Habité de ce charme mystérieux et indicible, le cante jondo est un art libre qui vit et évolue au-delà même de l'artiste. Le "cantaor" emprunte et interprète, à l'écoute de ses sensations. Mais au final, "les poèmes du cante jondo ne sont de personne." Dans ce nouvel écrin, entre conscience et subconscience, le chant primitif andalou revit et prend place au panthéon des plus grandes expressions artistiques.


Des livres et du théâtre

Cette obstination acharnée de Lorca à revaloriser la culture populaire procède d'un autre combat, plus vaste encore. Dans la république espagnole balbutiante, le grand poète de la nation défend vigoureusement le droit de chacun à accéder au savoir. En 1932, Lorca le dramaturge monte son projet de 'La Barraca', une troupe de théâtre itinérante et gratuite. De village en village, elle présente à un public populaire, le plus souvent illettré, les grandes oeuvres du répertoire espagnol. Un triomphe !

Avant d'être économiques, pense-t-il, les revendications doivent être culturelles. Du pain pour vivre, mais pas "en esclaves d'une terrible organisation de la société." Dans sa pièce de théâtre 'La Maison de Bernarda Alba', Garcia Lorca nous emmène au coeur d'un foyer andalou composé exclusivement de femmes et subissant l'autorité tyrannique de leur mère. Les quatre murs de la maison se dressent alors de toute leur hauteur, symbole de l'enfermement dont souffre la société espagnole.

Lorca veut un peuple fier de sa terre, conscient de son existence et de sa culture. Avant de prier pour qu'une pluie divine vienne arroser ses semis ou pour qu'un soleil dore généreusement ses champs de vignes, un homme doit avant tout pouvoir se délecter de tous les fruits de l'esprit humain, à la lumière de la connaissance. Ainsi seulement pourra-t-il résoudre les problèmes auxquels il est confronté.

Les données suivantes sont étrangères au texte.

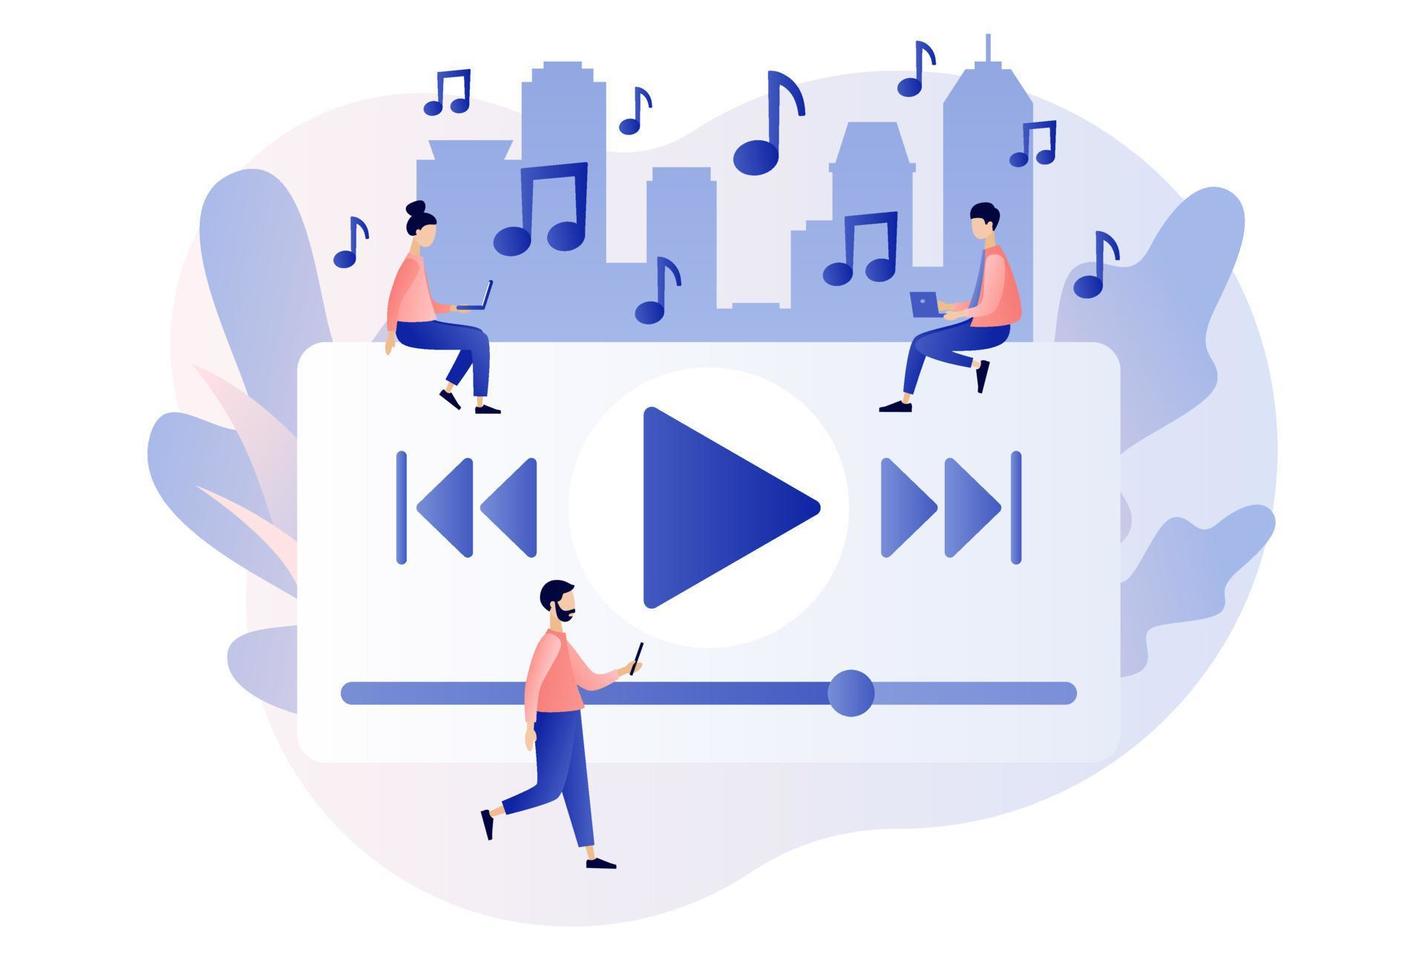 Media player. Tiny people listen music, sound, audio or radio online with smartphone app or laptop. Music play list. Modern flat cartoon style. Vector illustration on white background

Lorca, symbole de l'intelligence persécutée

La peine, la douleur, la passion et le suicide hantent ses écrits. Des histoires d'amours contrariées ou incomprises dans 'La Savetière prodigieuse' ou 'Yerma'. Des hommes à la jalousie violente dans 'Noces de sang'. L'angoisse du temps qui passe dans 'Lorsque cinq ans seront passés'. Lorca se penche sur cette recherche existentielle du sens à donner à la vie. A travers ce travail introspectif, l'artiste chasse ses propres déchirements. Il y dissimule ses doutes et ses désirs. Notamment, comment assumer son homosexualité dans un pays où le sentiment amoureux ne peut être considéré qu'à travers le prisme d'un catholicisme acéré ? Ecoeuré, l'artiste partira d'ailleurs aérer son esprit aux Etats-Unis et à Cuba. De retour, Lorca publiera le recueil 'Poète à New York', dans lequel il évoque avec soulagement son homosexualité dans le poème 'Ode à Walt Whitman'. Néanmoins, ce mal-être persistant restera en filigrane dans bon nombre de ses créations.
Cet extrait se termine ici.